Asked by the Labor Department to grant a stay in the proceedings in the wake of its proposed extension of the April 10, 2017, applicability date for the rulemaking and exemptions, as well as a 45-day comment period, the court had declined to do so. Then in July 2017, the DOL filed a notice of withdrawal of its cross-motion for summary judgment and its opposition to Plaintiff's summary judgment motion, explaining – as the court described it – that "the Department no longer defends the one regulatory provision challenged in this action – the application of [BIC] Exemption § II(f)(2) to arbitration agreements [ ].” The DOL renewed its request for a stay, “arguing that because the challenged provision was not yet applicable to Thrivent, and DOL was reassessing both the exemption and broader rulemaking, a stay would promote judicial economy and likewise conserve the parties’ resources.”
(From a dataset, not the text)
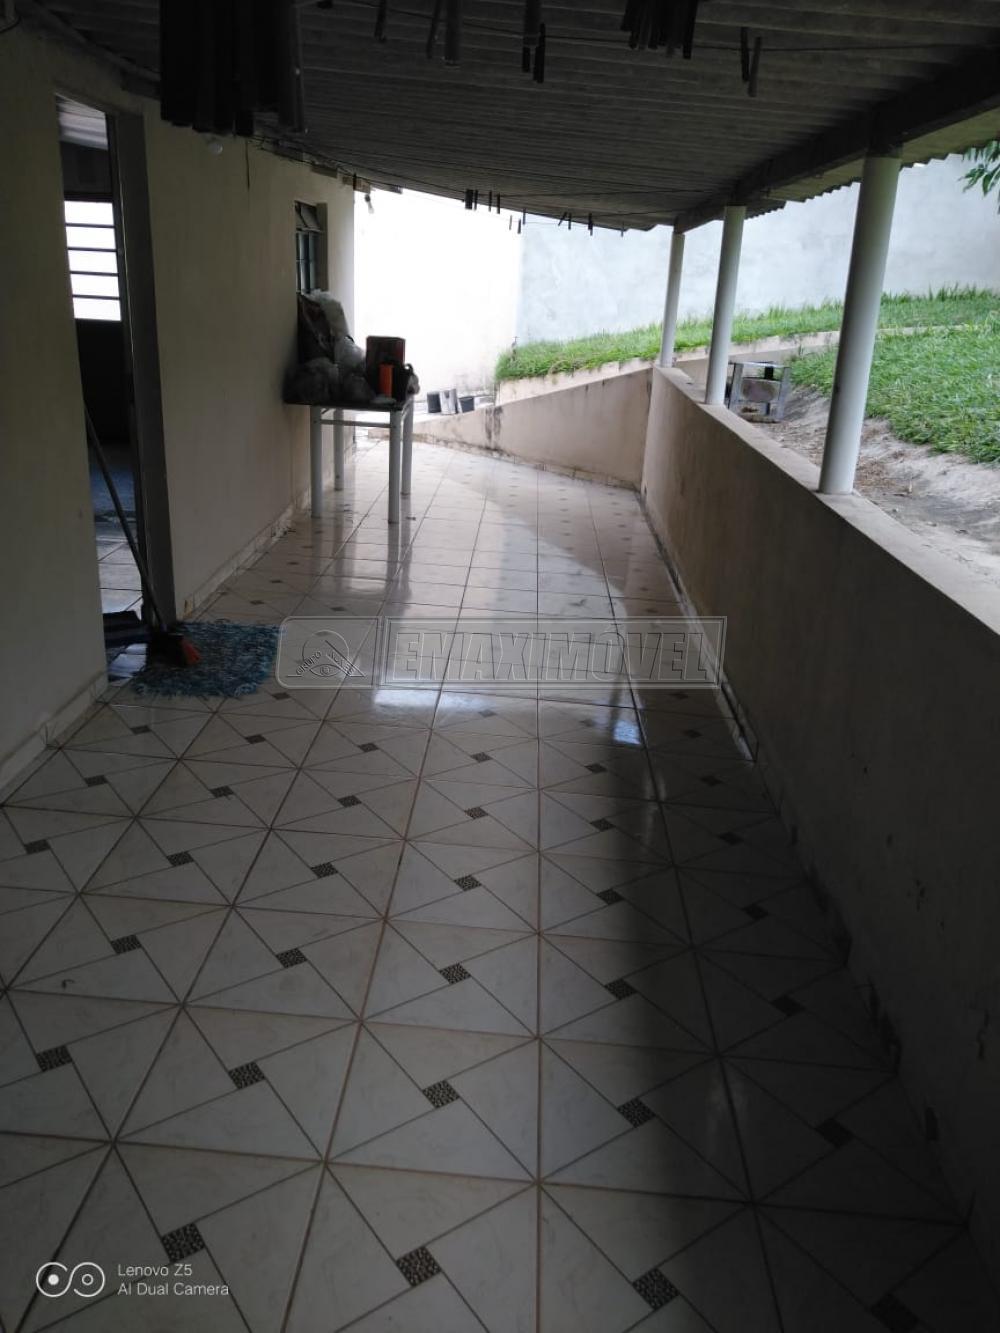 Comprar Casas / em Bairros em Iperó apenas R$ 350.000,00 - Foto 15

Not surprisingly, Thrivent opposed that motion to stay, arguing that neither the possibility of future regulatory changes nor the DOL’s change of legal position, supports a stay, and that “while DOL fails to assert any hardship that it would suffer absent a stay, Thrivent will suffer irreparable harm if the Court grants a stay.”

Warranted ‘Search’?

Judge Nelson noted that four factors had to be considered to determine if preliminary injunctive relief was warranted: “(1) the movant's likelihood of success on the merits; (2) the threat of irreparable harm to the movant in the absence of relief; (3) the balance between that harm and the harm injunctive relief would cause to the other litigants; and (4) the public interest.”
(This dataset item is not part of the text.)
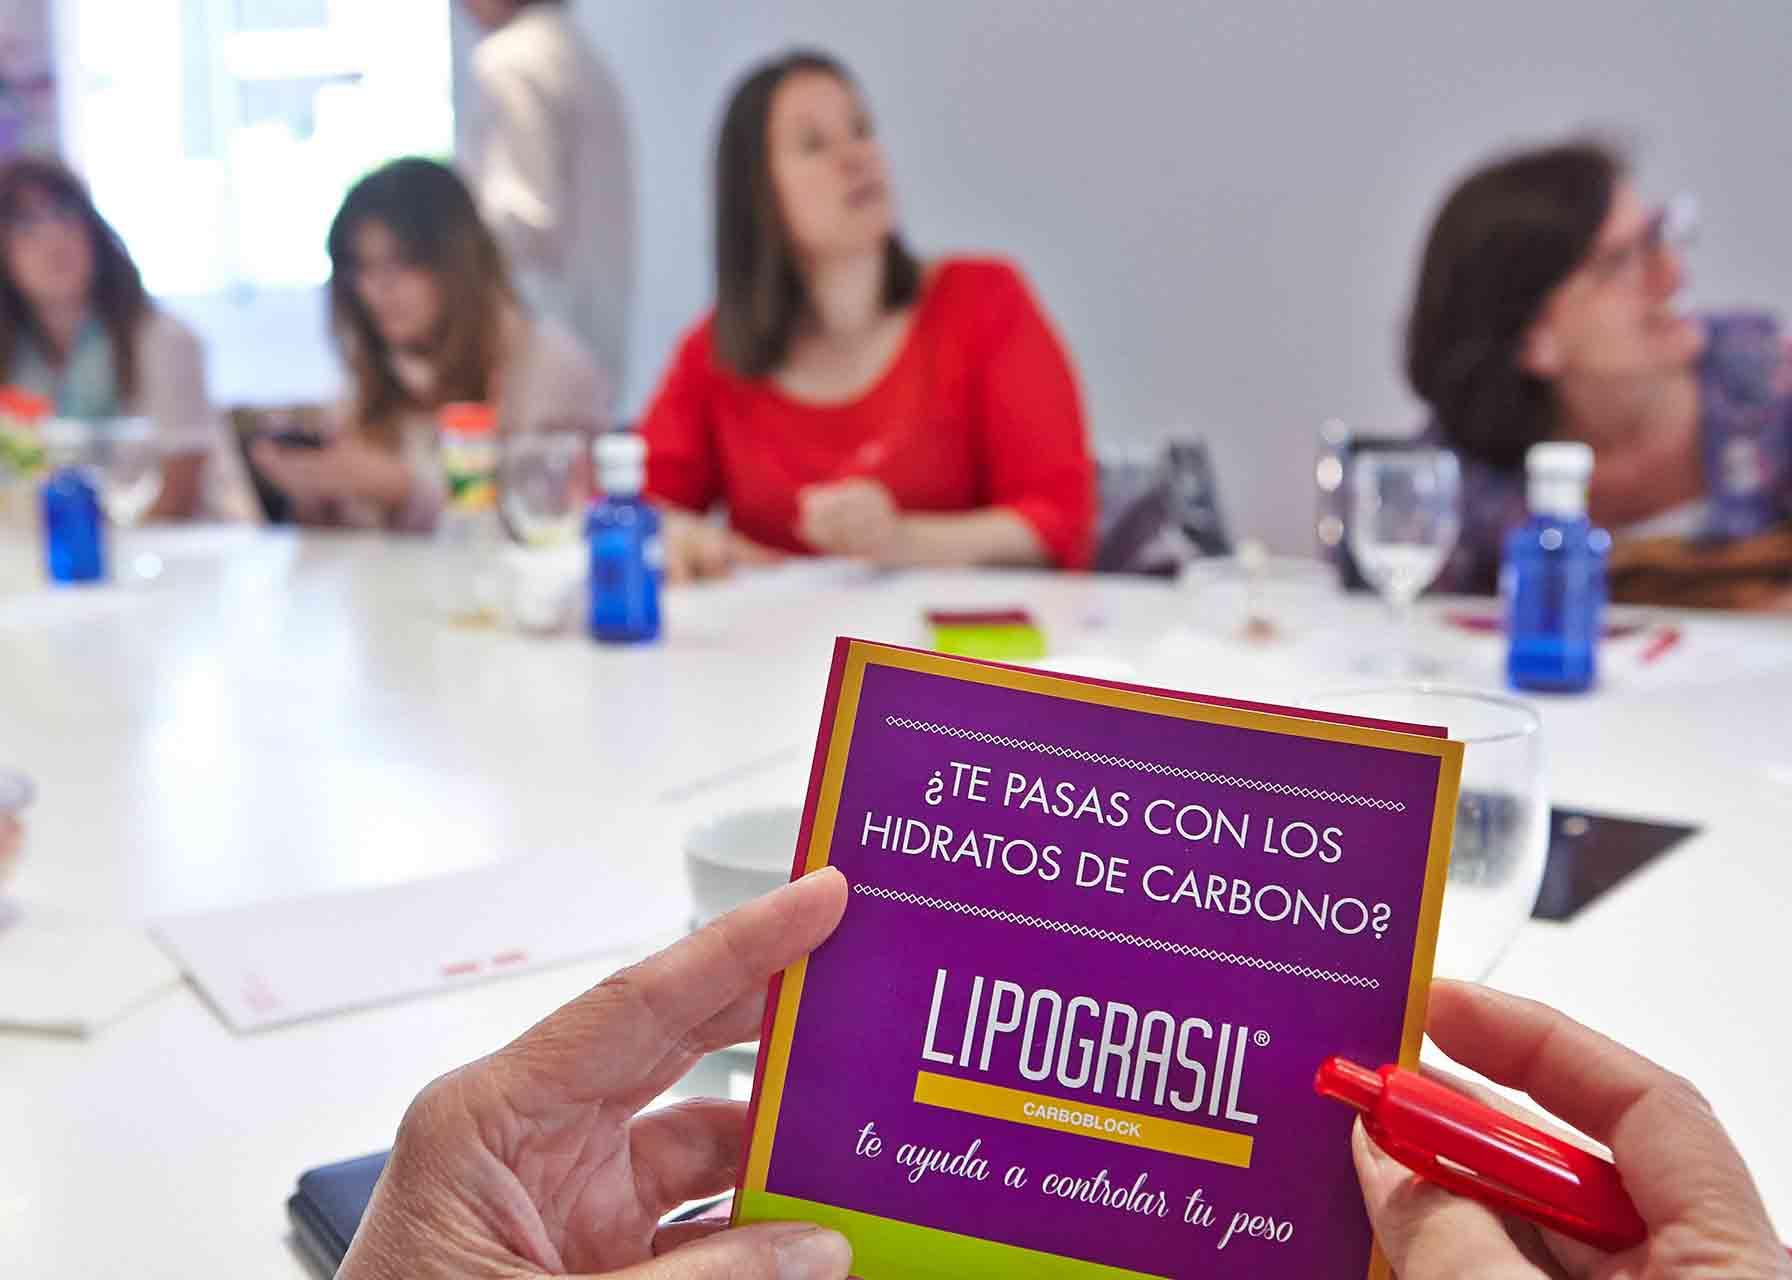 Conferencia que dió Lipograsil sobre nutrición y hábitos alimenticios aprovechando el lanzamiento de un nuevo producto

She concluded that “Thrivent has sufficiently demonstrated the threat of irreparable harm, both now and in the future,” going on to explain that, “Notwithstanding DOL’s current efforts to extend the BIC Exemption’s applicability date, its own guidance recognizes that regulated entities such as Thrivent “may incur undue expense to comply with conditions or requirements that [DOL] ultimately determines to revise or repeal.”

On the issue of likelihood of success, she noted that “because DOL concedes that the anti-arbitration condition violates the FAA, the Court finds that Thrivent is likely to succeed on the merits … Consideration of the remaining factors of the balance of harms and public interest also weigh in Thrivent's favor,” she wrote. “DOL will suffer no harm, and the public interest will be served, if it is enjoined from enforcing an invalid rule.”

The ruling means that Thrivent won’t be considered to be out of compliance with the fiduciary rule’s Best Interest Contract Exemption as a result of maintaining its alternative dispute resolution program. And the Labor Department gets its request to stay the proceedings.